> **ACTIVITY**:
Without the pictures, retype each line below exactly as it stands.
RECORDED INFORMATION Start Marker
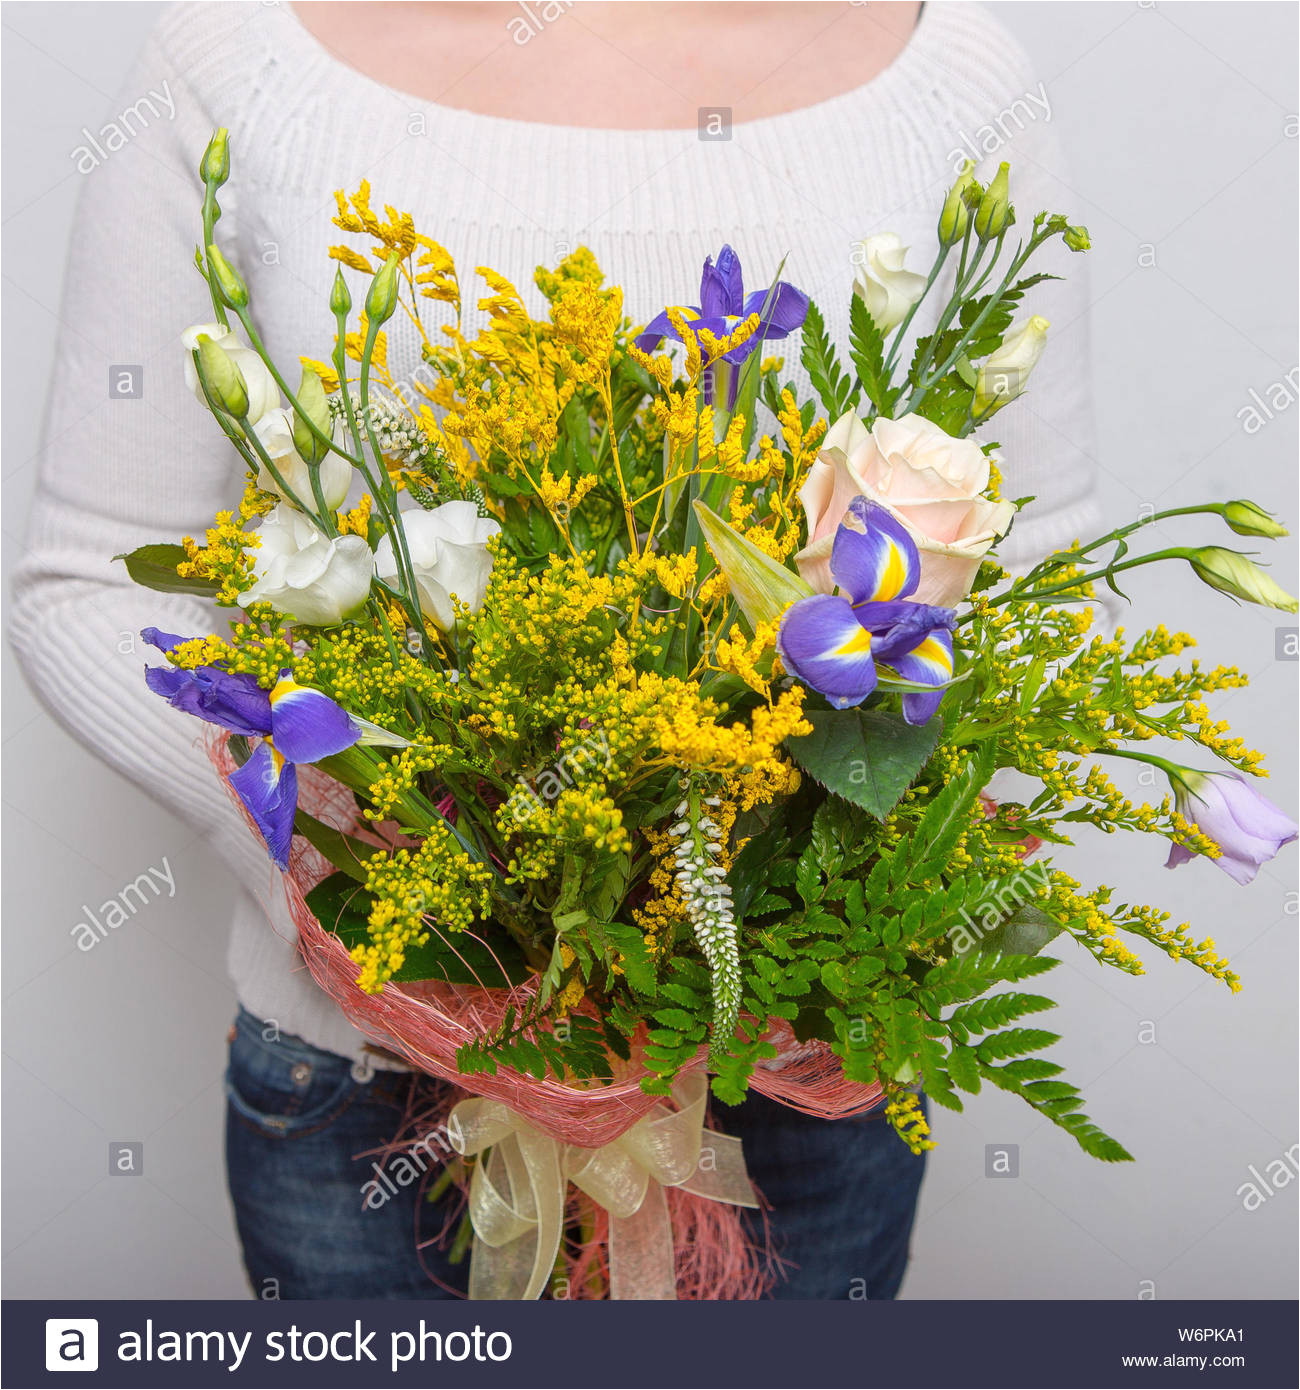 very nice florist woman holding a beautiful colourful blossoming flower bouquet leaves on white wall background w6pka1 jpg
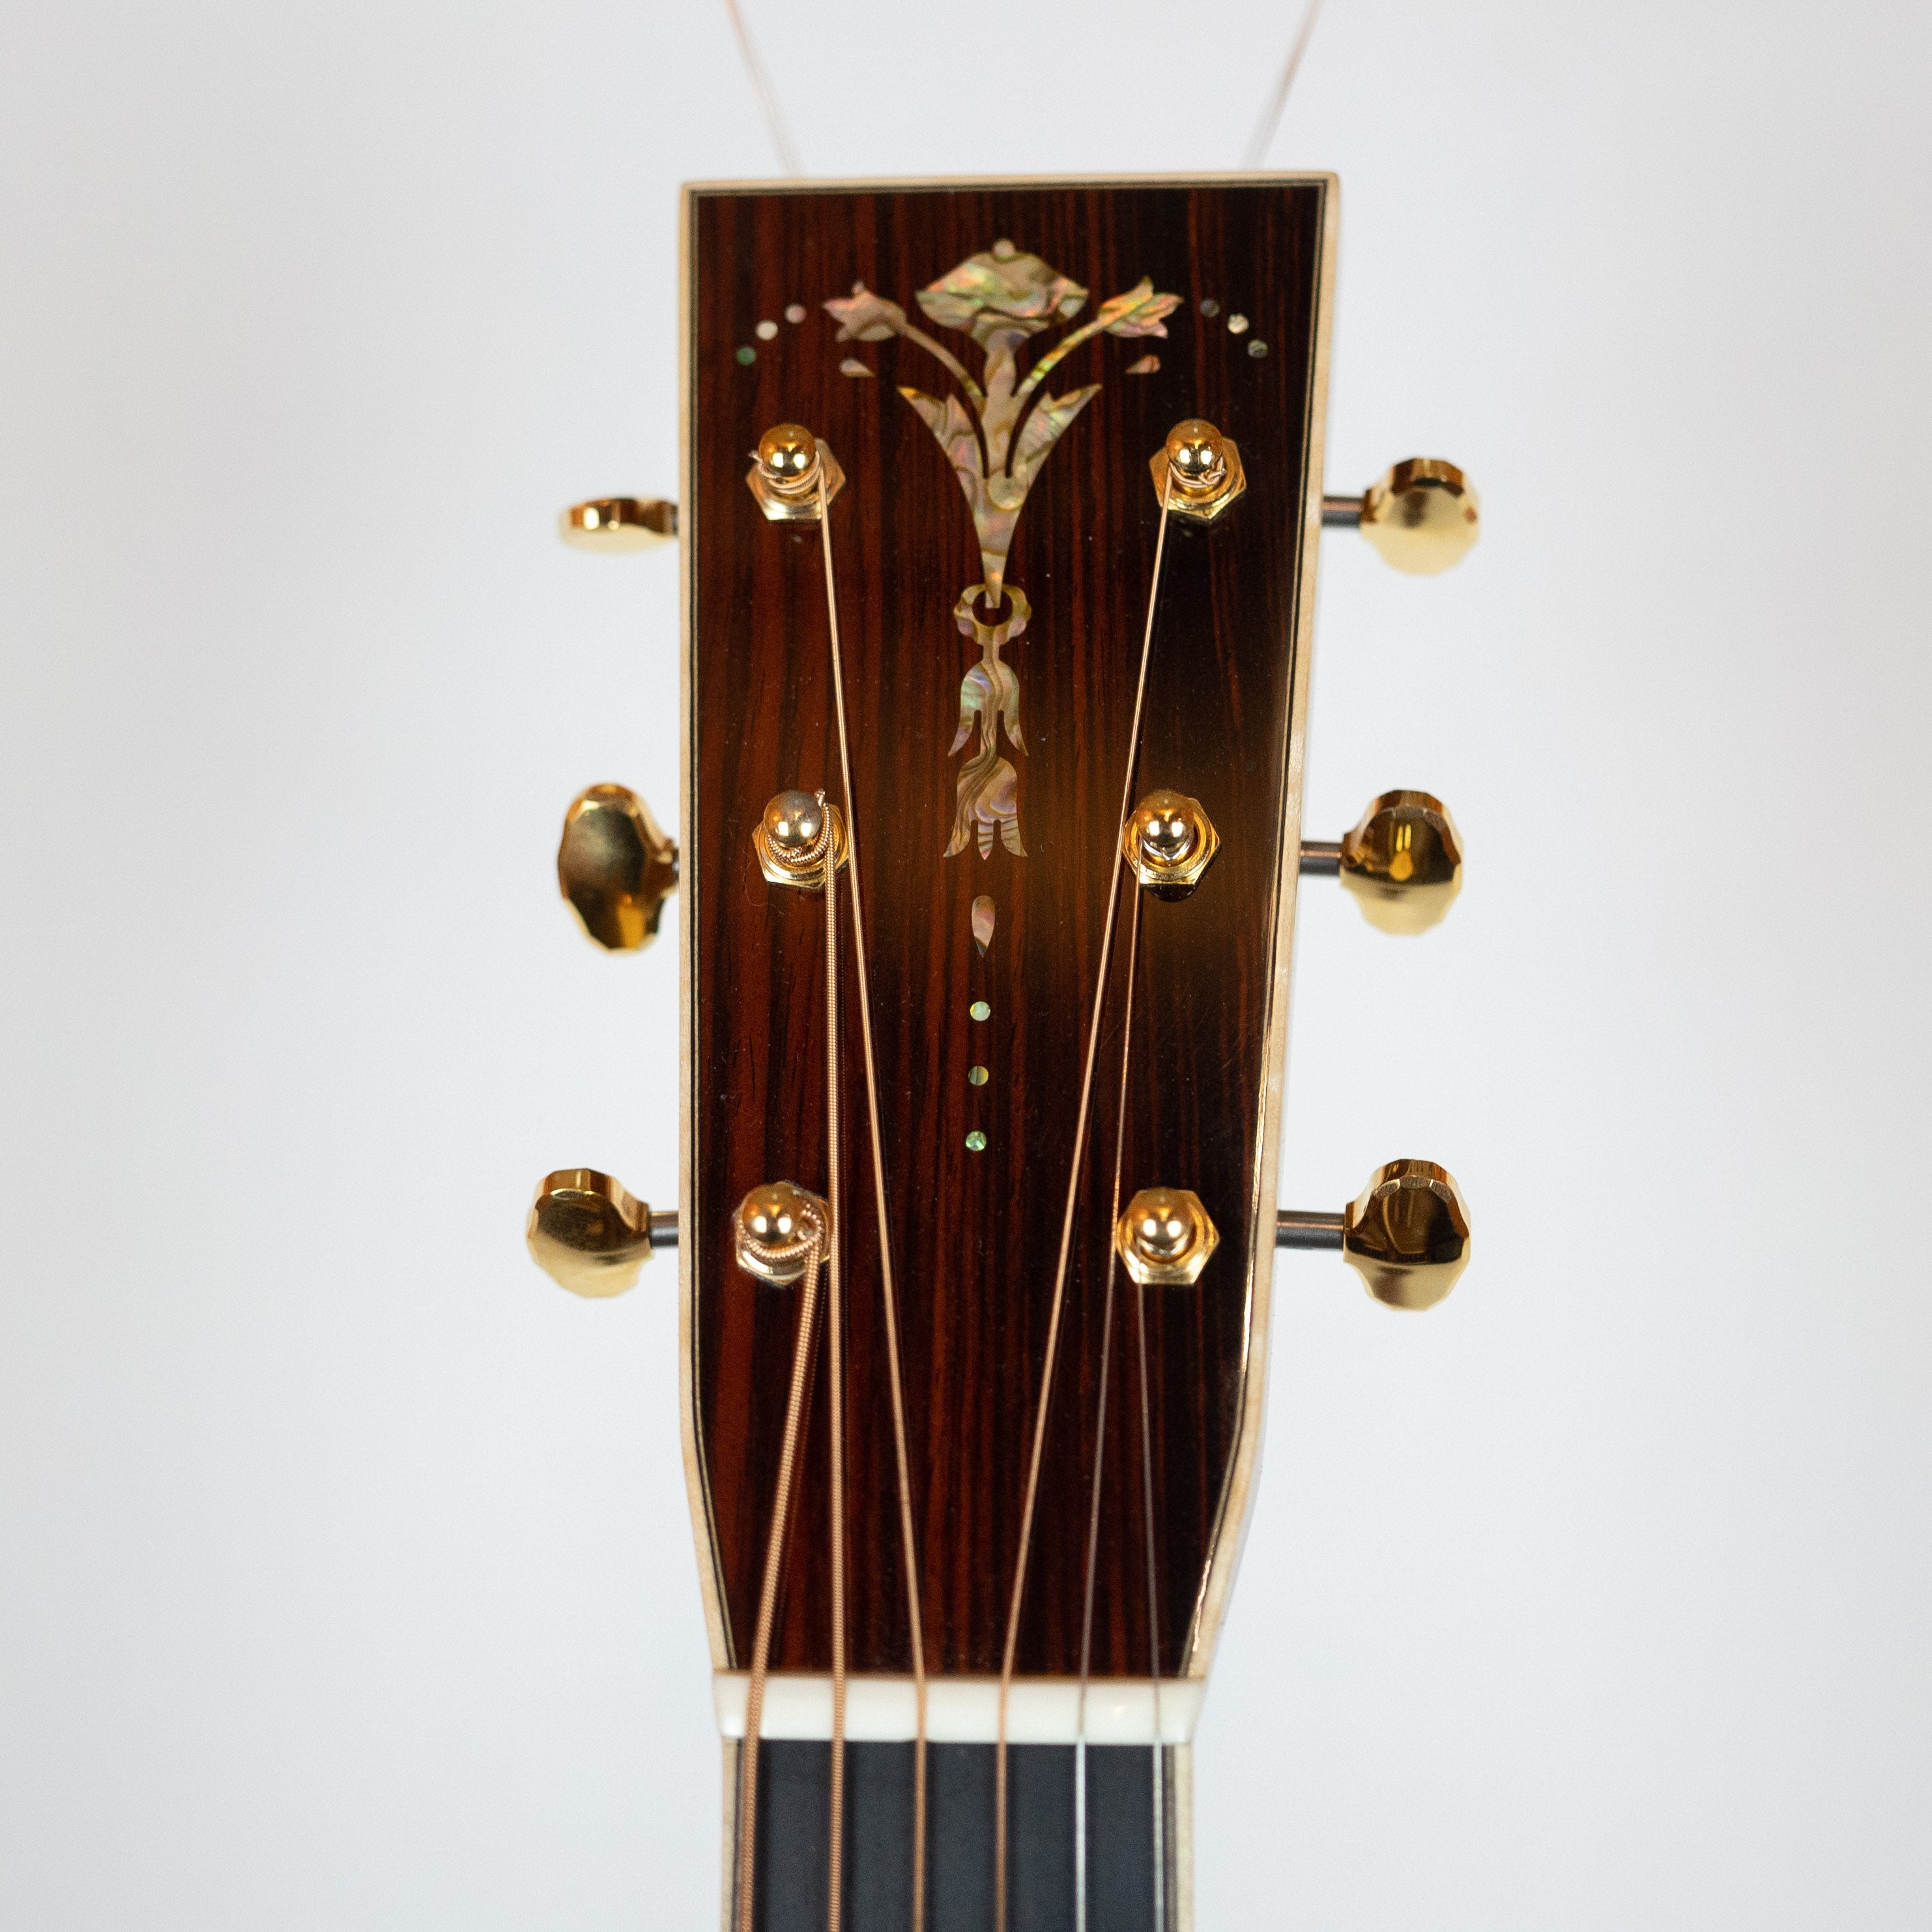 Martin 2018 Rudy's 40th Anniversary OM Cocobolo #6 (signed by Rudy and Chris Martin)
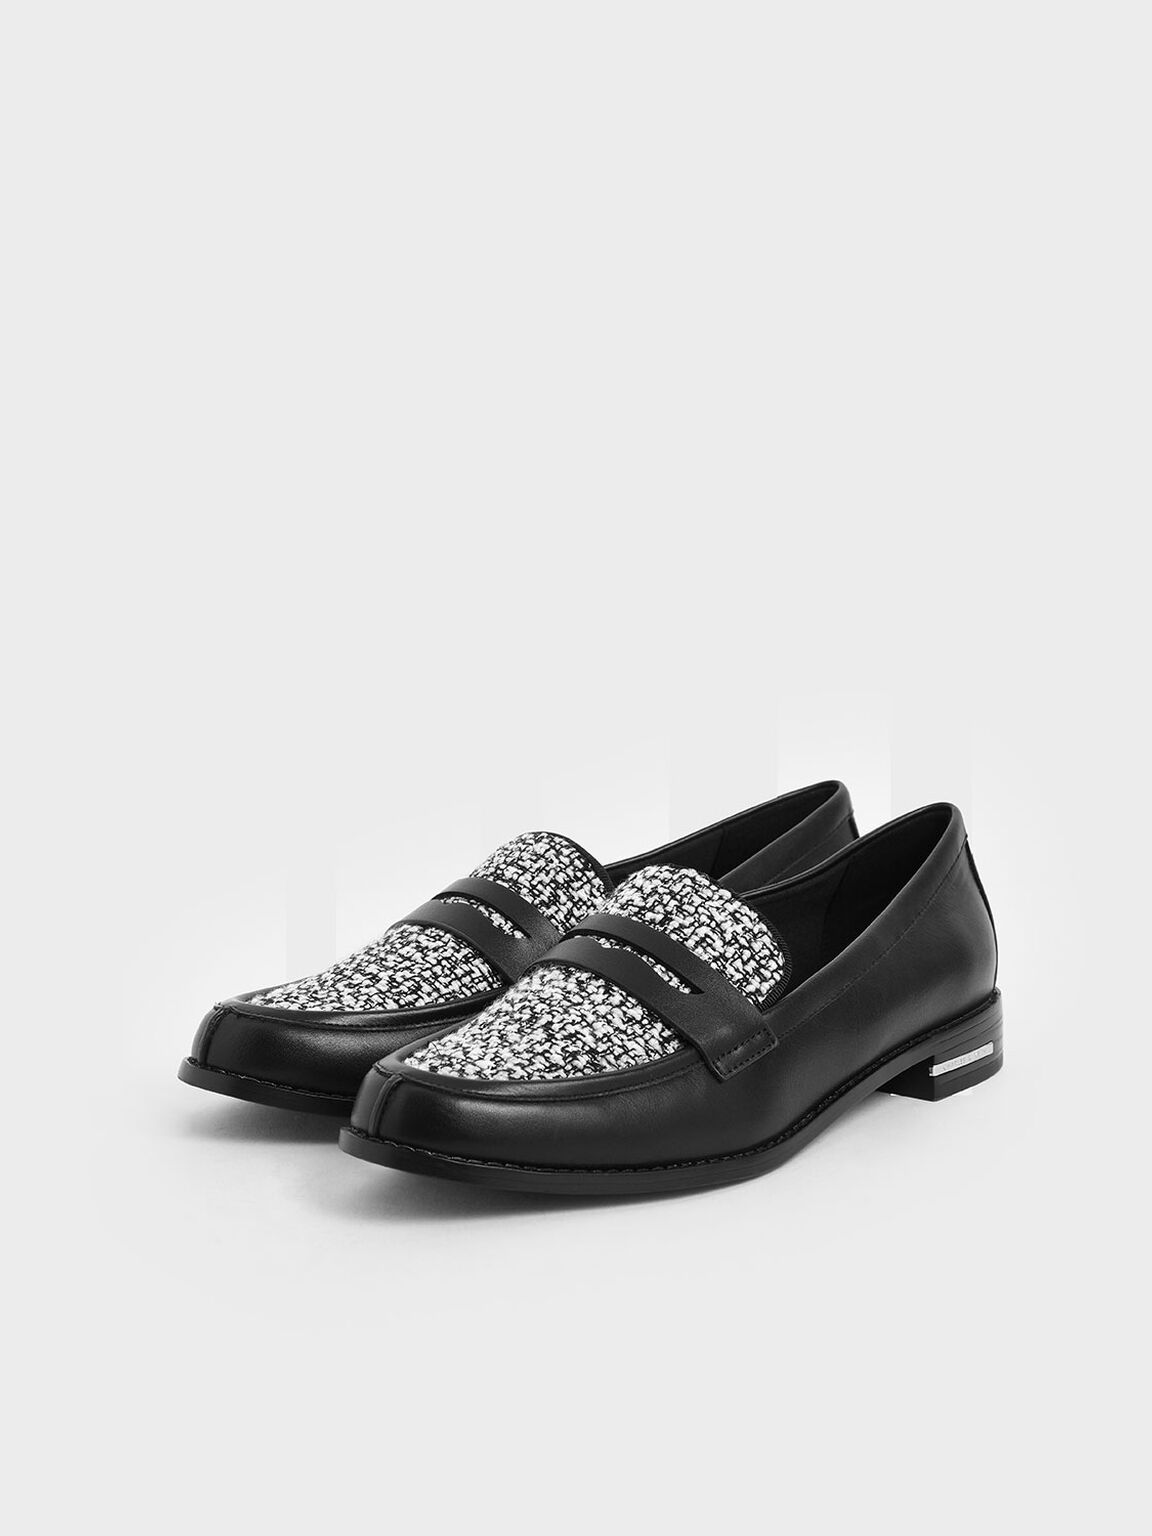 Classic Tweed Penny Loafers, Multi, hi-res
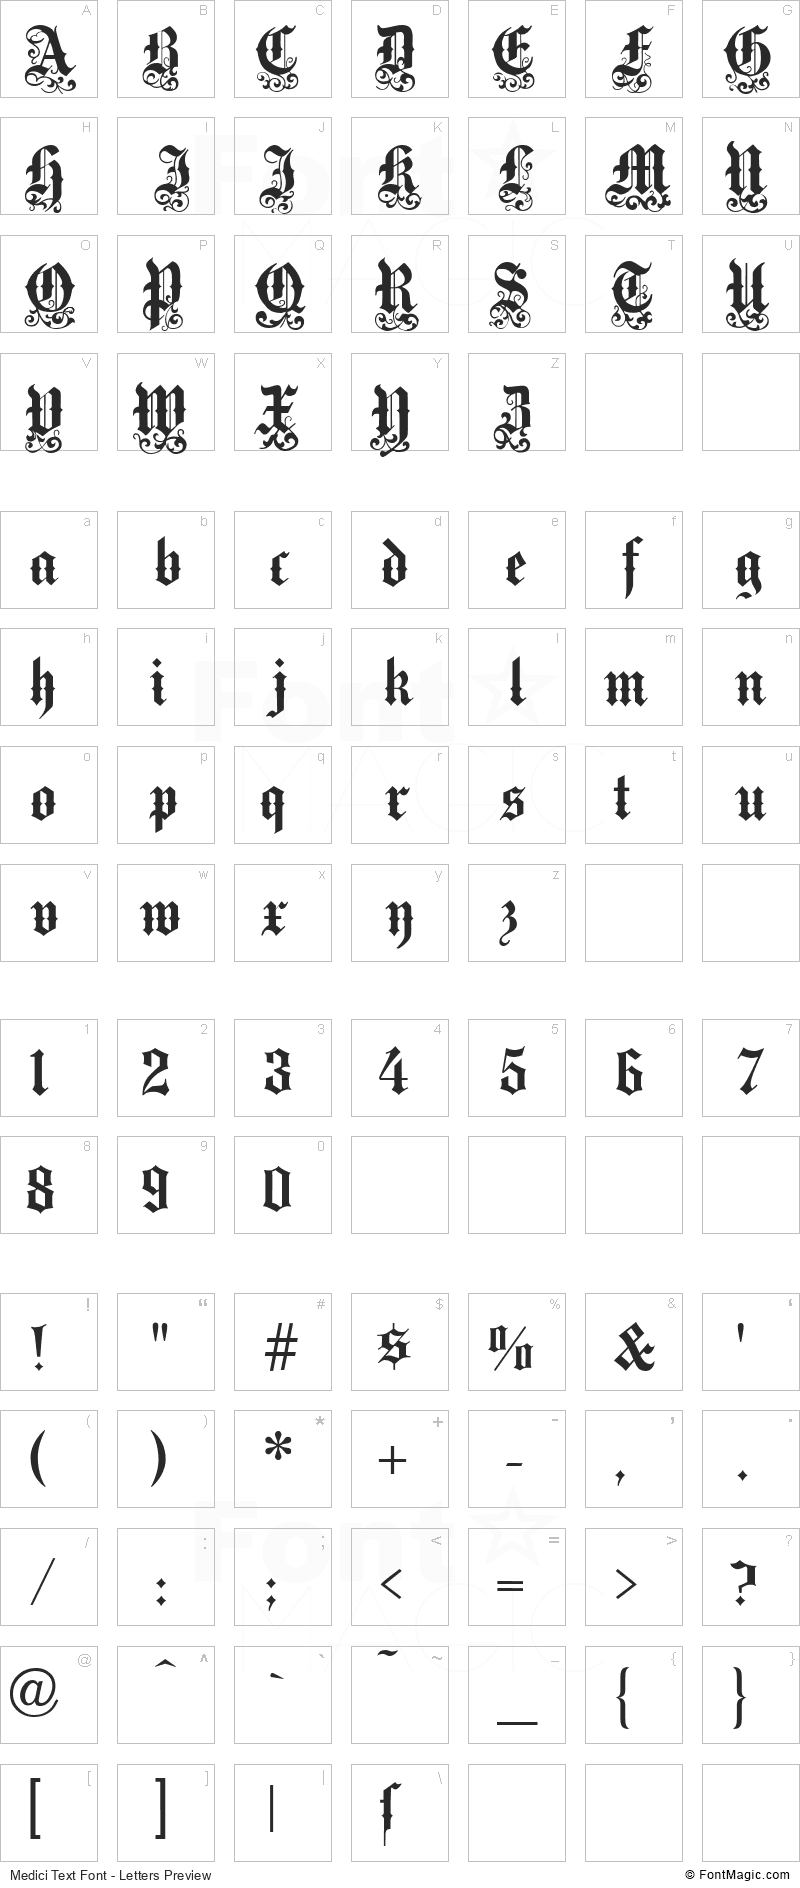 Medici Text Font - All Latters Preview Chart
RECORDED INFORMATION End Marker
> **OUTPUT FOR THIS EXERCISE**:
 very nice florist woman holding a beautiful colourful blossoming flower bouquet leaves on white wall background w6pka1 jpg
 Martin 2018 Rudy's 40th Anniversary OM Cocobolo #6 (signed by Rudy and Chris Martin)
 Classic Tweed Penny Loafers, Multi, hi-res
 Medici Text Font - All Latters Preview Chart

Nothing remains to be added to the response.